Я приблизил губы к дулу винтовки и дунул в него. Никакого посвиста не последовало. Может, оно и хорошо, а то я нарушил бы мирный ход собрания.
— Воины, — не унимался Порицкий, — жаль, что вам не удалось проверить свои силы тогда, в тысяча девятьсот восемнадцатом, вы столкнулись бы с худшим, что бывает на фронте. И стали бы настоящими солдатами — в лучшем смысле слова.
Никто не возражал.
— Воины, — говорил этот великий мастер военной науки, — можете представить себе, что почувствует противник, когда увидит на поле битвы призраков из тысяча девятьсот восемнадцатого? Он растеряется и не будет знать, во что стрелять. — Порицкий разразился хохотом и не сразу овладел собой. — Воины, — продолжал он, — мы подкрадемся к противнику сквозь призраков. А когда сблизимся с ним — тут-то он станет молить Бога, чтобы мы оказались призраками, тут-то он пожалеет, что родился на свет.
Противник, о котором он говорил, располагался в полумиле от нас и представлял собой линию бамбуковых шестов с привязанными к ним тряпками. Но Порицкий проникся к бамбуковым шестам и тряпкам невероятной ненавистью.
— Воины, — сказал Порицкий, — если кому-то из вас позарез надо в самоволку, лучшей возможности не представится. Всего-навсего пересеките одну из трассирующих линий, пройдите через луч. И тогда вынырнете в тысяча девятьсот восемнадцатом, на полном серьезе — тут уж никаких привидений. И не родился еще тот военный полицейский, который кинется вас отлавливать, потому что если кто эту линию пересек, назад дороги нет.
Мушкой винтовки я поковырял между передними зубами.
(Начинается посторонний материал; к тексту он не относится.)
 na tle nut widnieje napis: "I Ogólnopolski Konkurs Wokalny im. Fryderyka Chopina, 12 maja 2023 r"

И сделал собственный вывод: для профессионального солдата самое большое счастье — когда он может кого-то укусить. Но мне, конечно, таких высот не достичь никогда — это я знал точно.
— Воины, — произнес Порицкий, — перед часовой ротой стоит задача, ничем не отличающаяся от тех, какие стоят перед любой ротой с на ала времен! Задача вашей часовой роты — убивать! Вопросы есть?
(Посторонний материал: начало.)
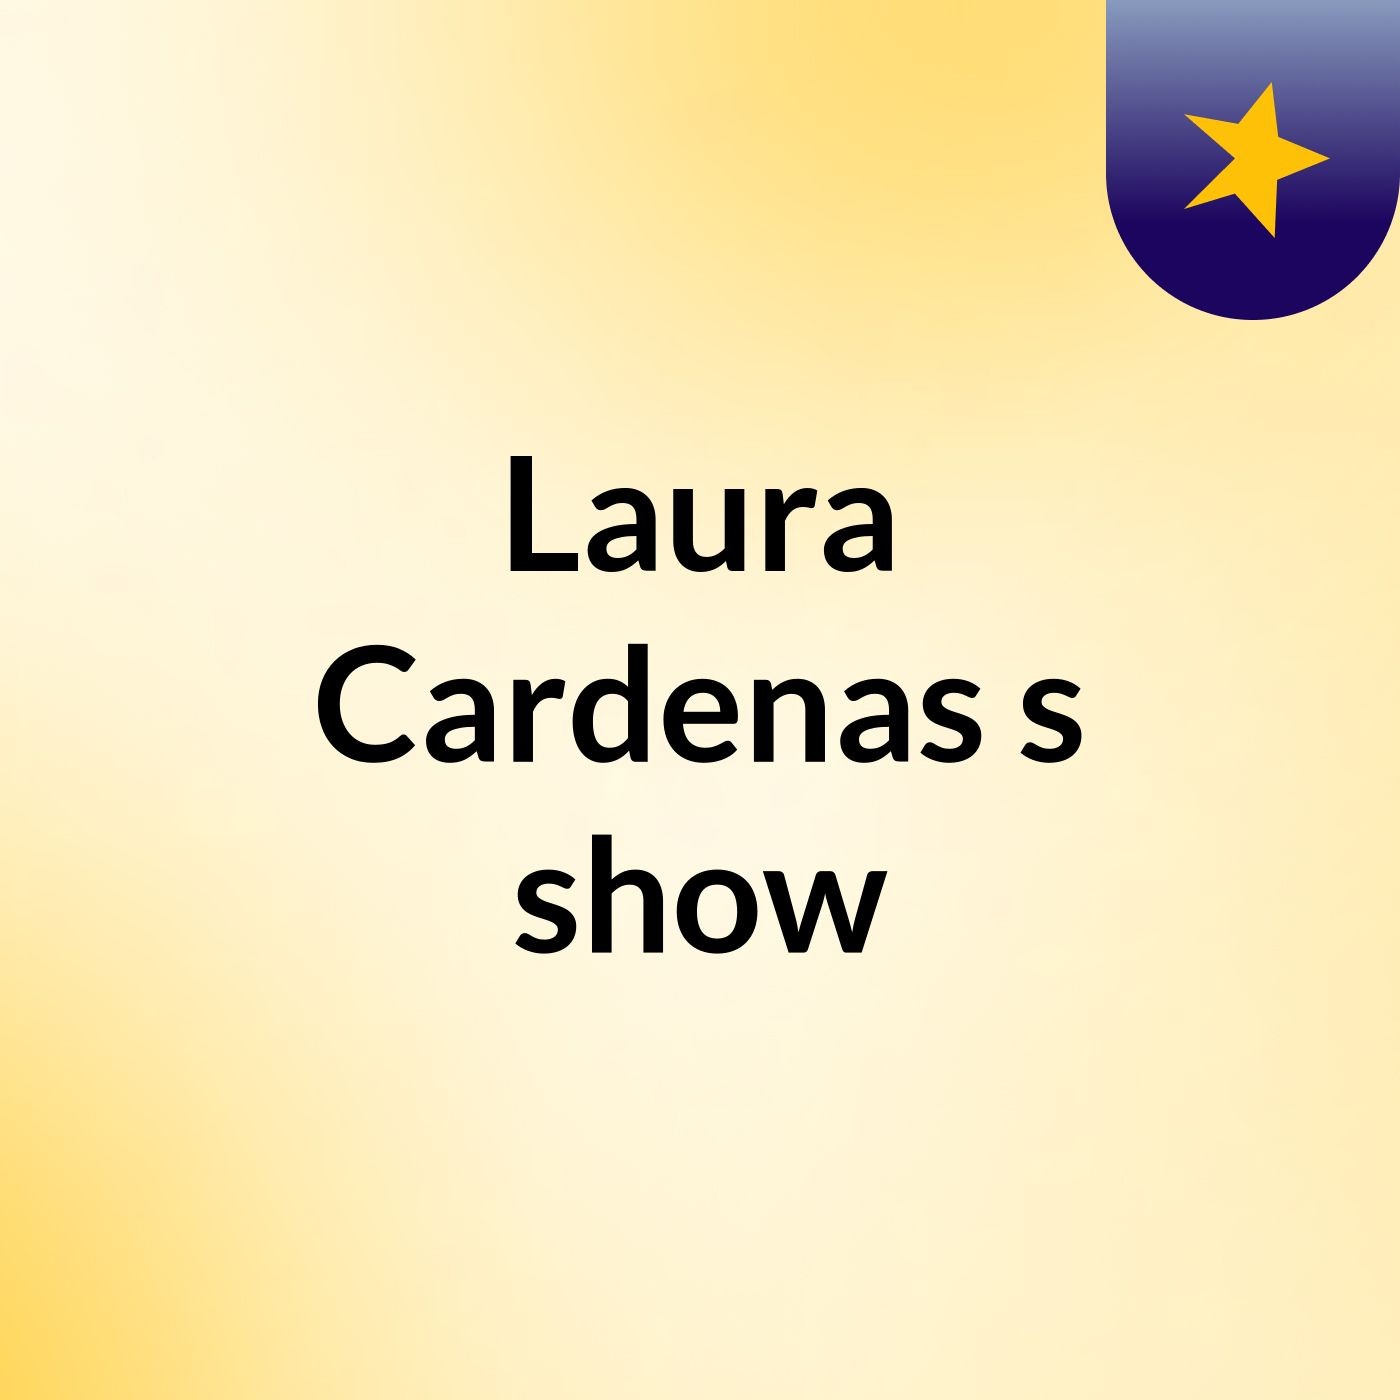 Laura Cardenas's show

Военный кодекс всем нам зачитывали. И мы хорошо знали, что задавать разумные вопросы — хуже, чем зарубить собственную матушку. Поэтому вопросов не было. Подозреваю, в таких случаях их не было никогда.
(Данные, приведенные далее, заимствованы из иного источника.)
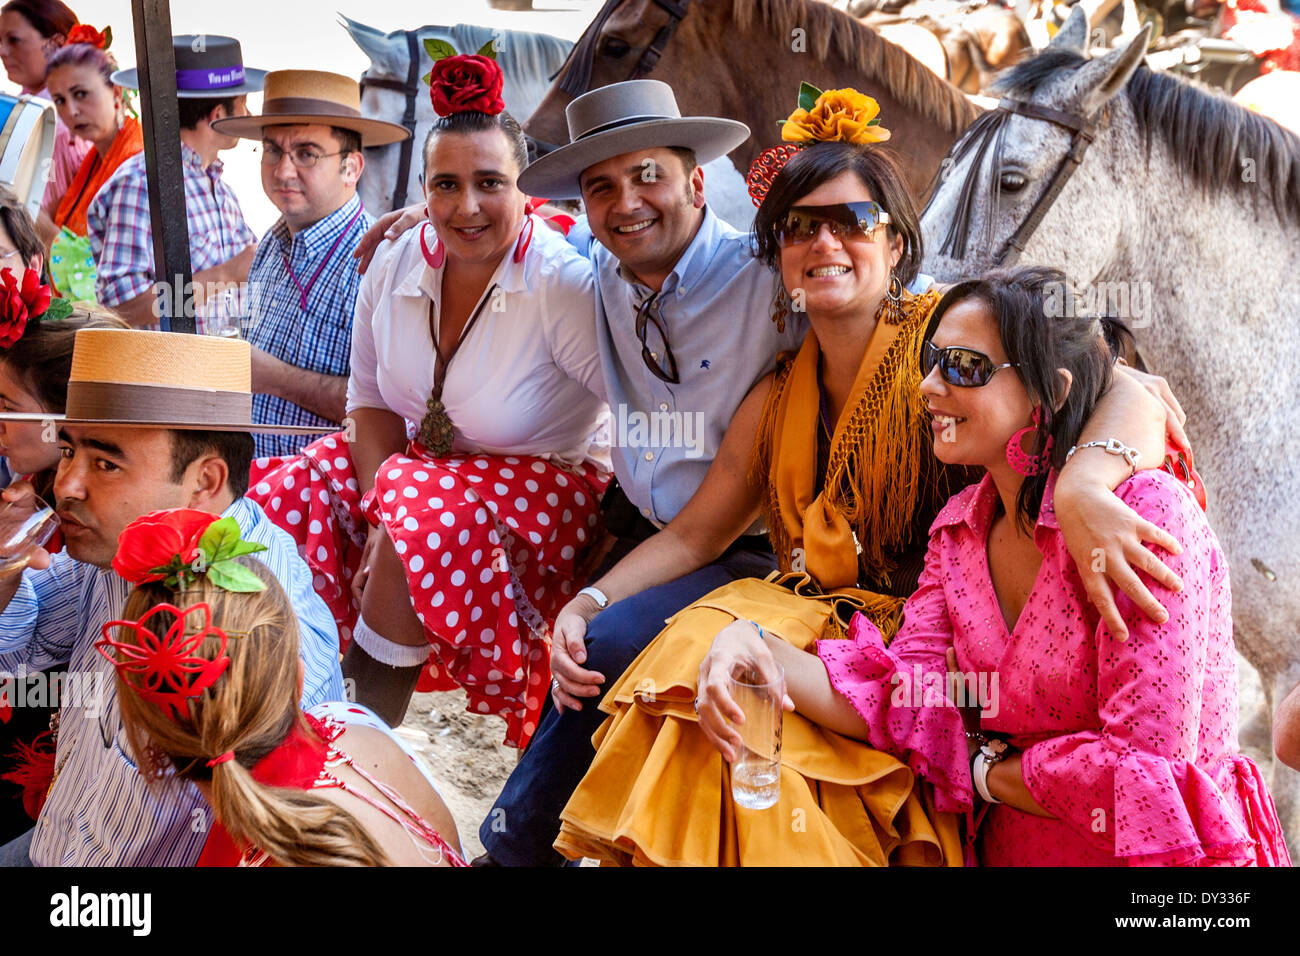 People In Traditional Costume, El Rocio Festival, El Rocio Stock Photo ...

— К бою готовсь! — распорядился Порицкий.
Мы выполнили команду.
— Штыки примкнуть! — приказал Порицкий.
Мы и тут не подкачали.
— В наступление, девочки? — спросил Порицкий.
О-о, этот человек был отменным психологом. Я понял, что в этом главное отличие офицера от рядового. В такой момент сказать нам «девочки» вместо «мальчики» — да мы так разъярились, что в глазах потемнело.
Ну, сейчас мы порвем весь этот бамбук с тряпками в такие клочья, что делать удочки да лоскутные одеяла больше будет не из чего!
Находясь в луче этой чертовой машины времени, ты испытывал странные чувства — тебя будто одолевал грипп, на глазах были бифокальные очки, предназначенные для человека с никуда не годным зрением, при этом ты словно оказался внутри гитары. Если это устройство не улучшить, едва ли оно станет популярным, а про безопасность и говорить нечего.
Поначалу никакого народа из тысяча девятьсот восемнадцатого мы не увидели. Увидели только их окопы и колючую проволоку, чего на самом деле уже не было. Мы шли по этим окопам, будто их покрывали стеклянные крыши. Мы шли через колючую проволоку, но штаны оставались целыми. То есть проволока и окопы были не нынешними, а из тысяча девятьсот восемнадцатого.